## Problem requirements
Leave out every picture, and output exactly the lines from the line containing "New yorker каталог" through the last line of the data.

## Dataset extract
::::

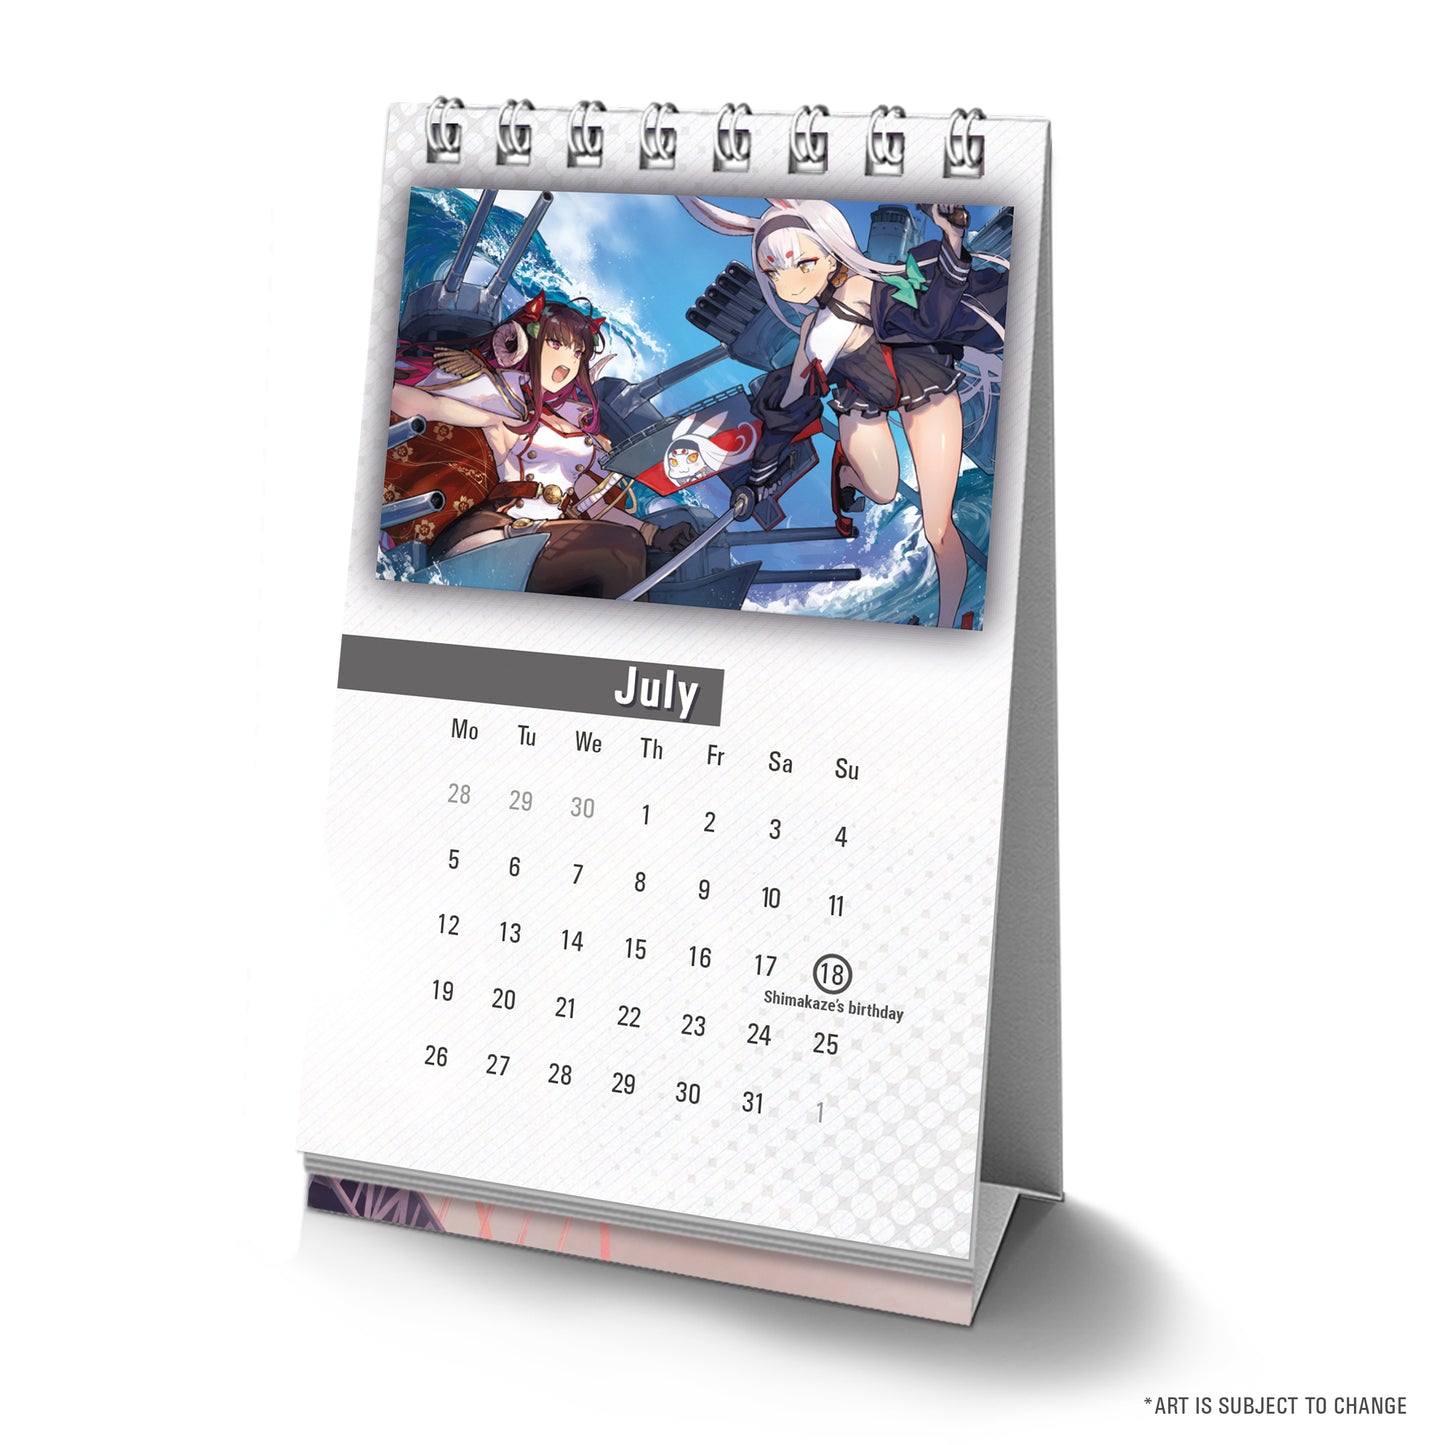 Azur Lane: Crosswave - Nintendo Switch™ - Commander's Calendar Edition
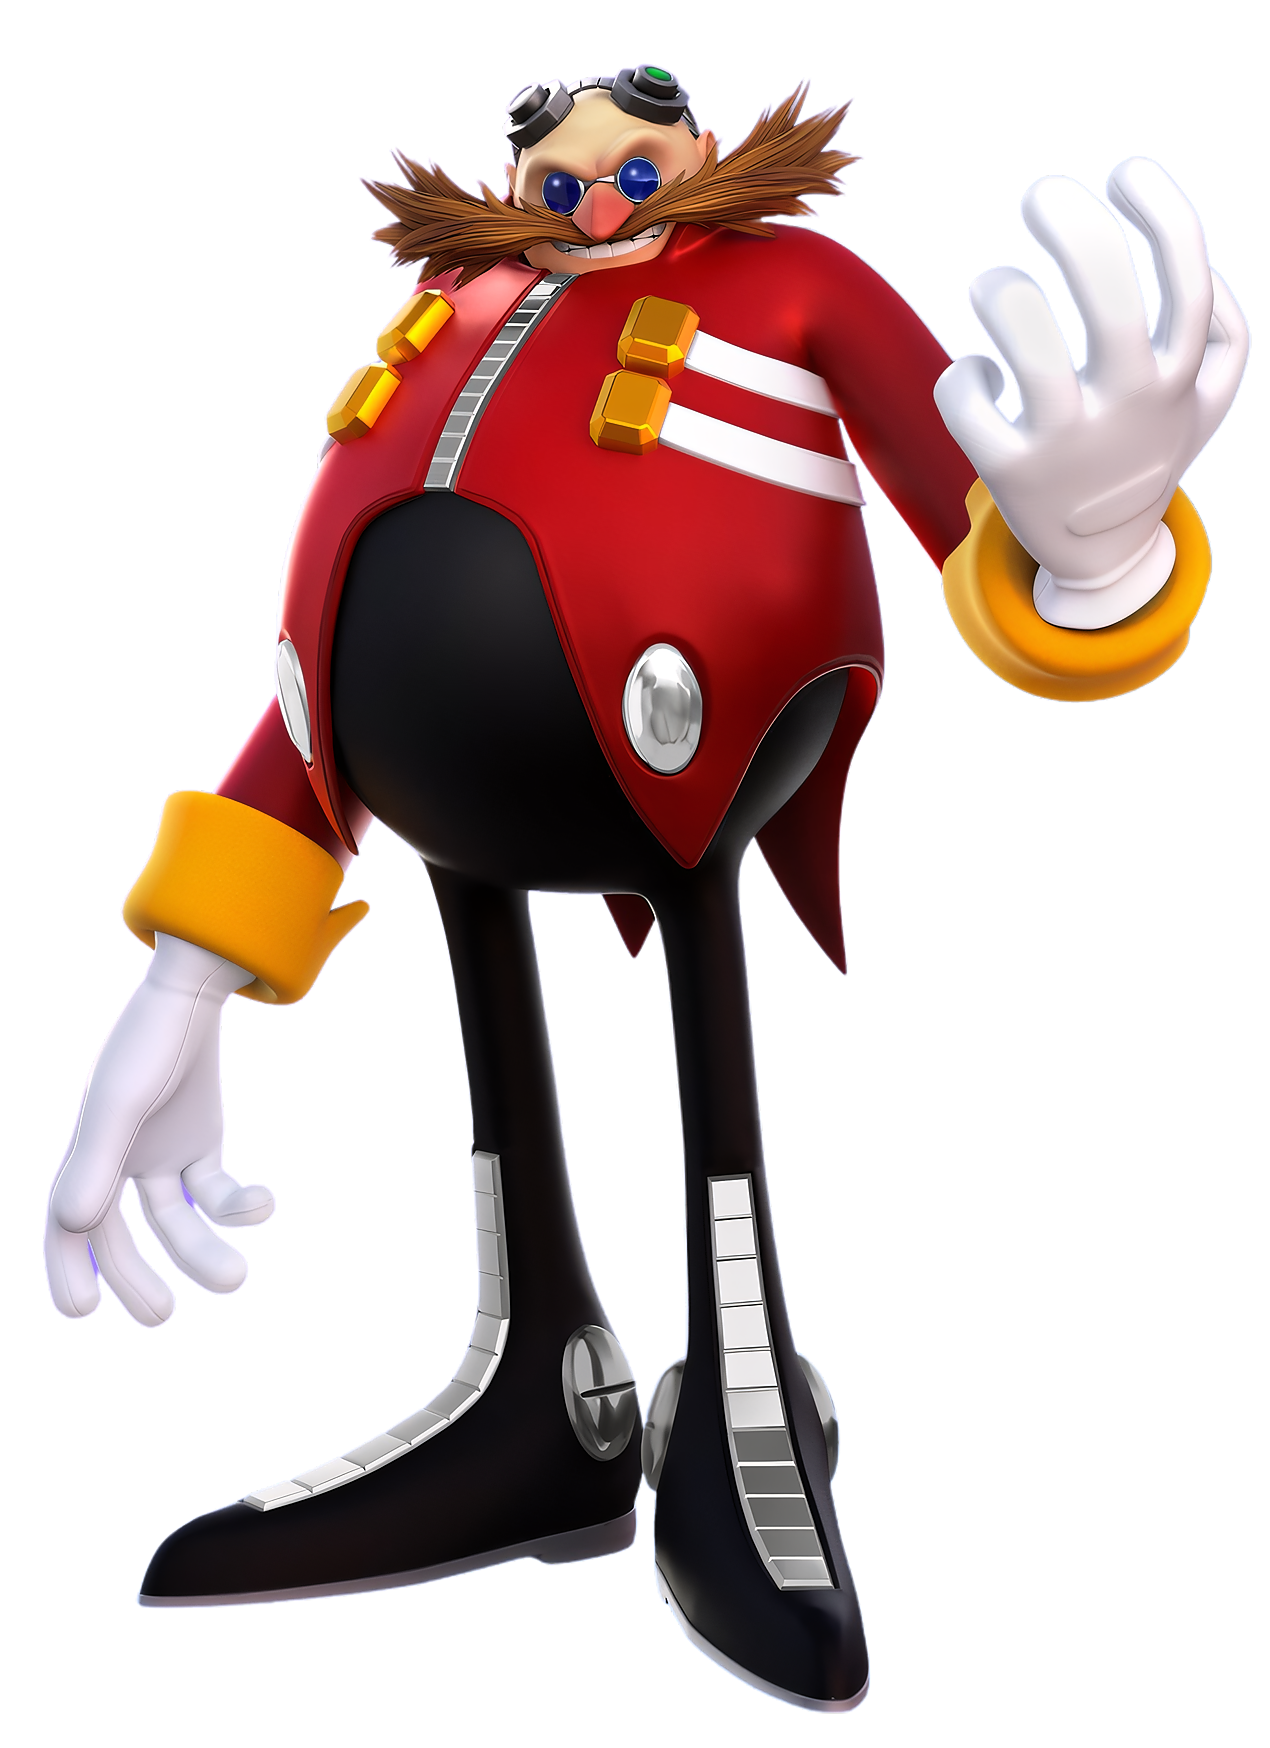 Xbox 360 - Sonic the Hedgehog (2006) - Dr. Eggman - The Models
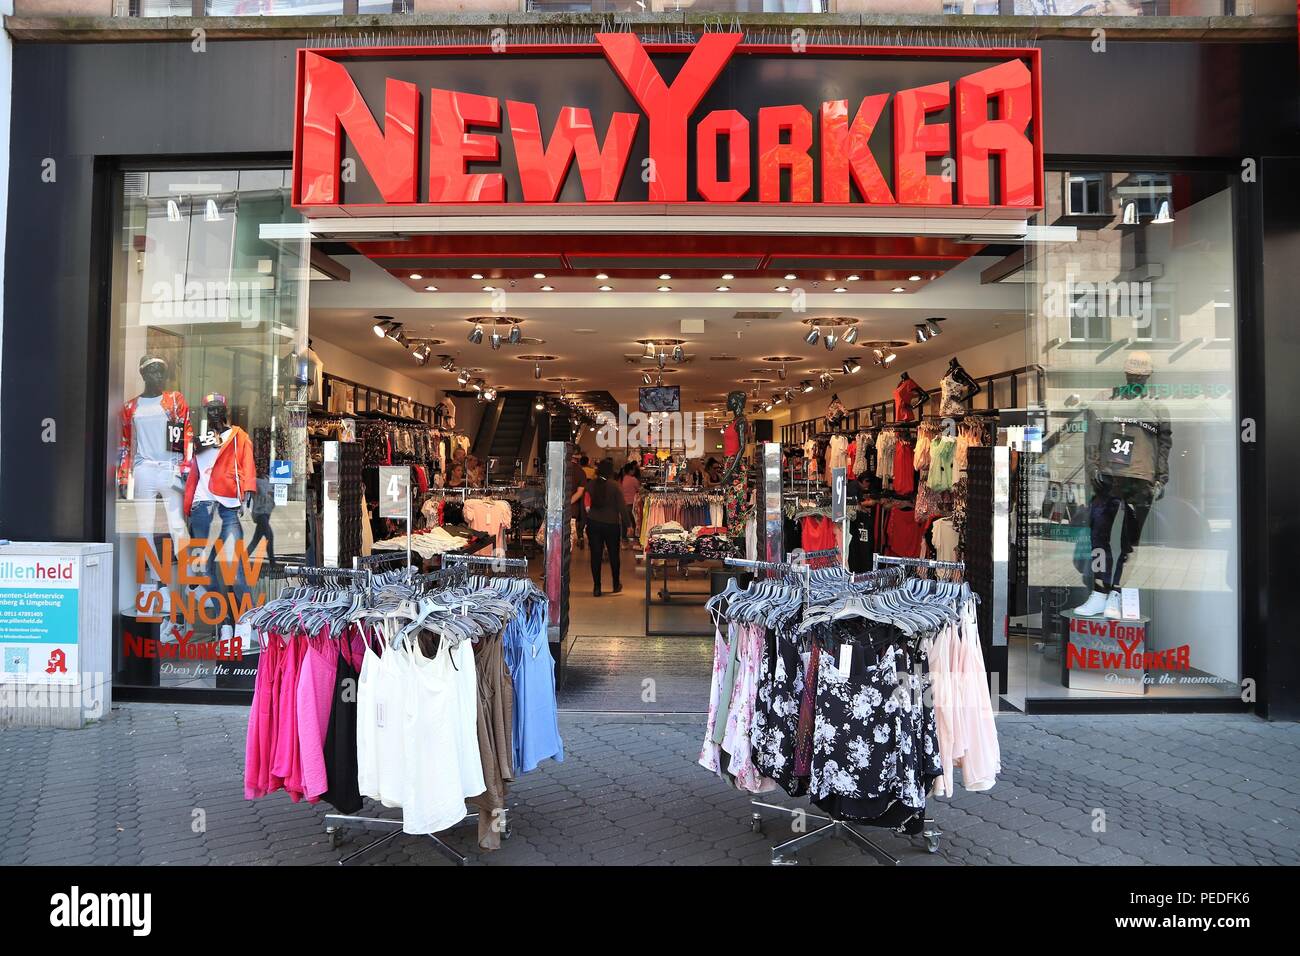 New yorker каталог товаров. Нью йоркер. Бренд New Yorker. New Yorker одежда. Нью йоркер чей бренд.
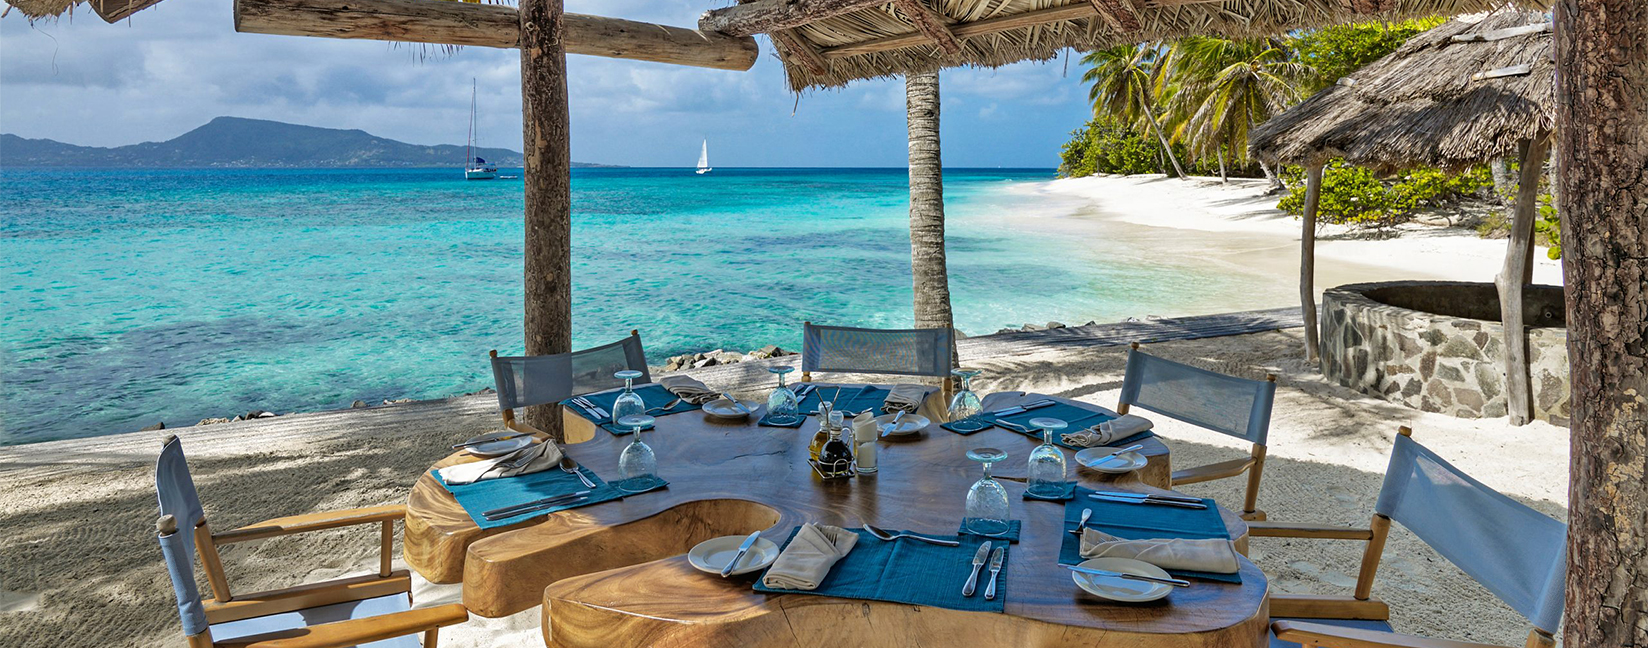 Resorts The Grenadines Deals

::::

## Output below
 New yorker каталог товаров. Нью йоркер. Бренд New Yorker. New Yorker одежда. Нью йоркер чей бренд.
 Resorts The Grenadines Deals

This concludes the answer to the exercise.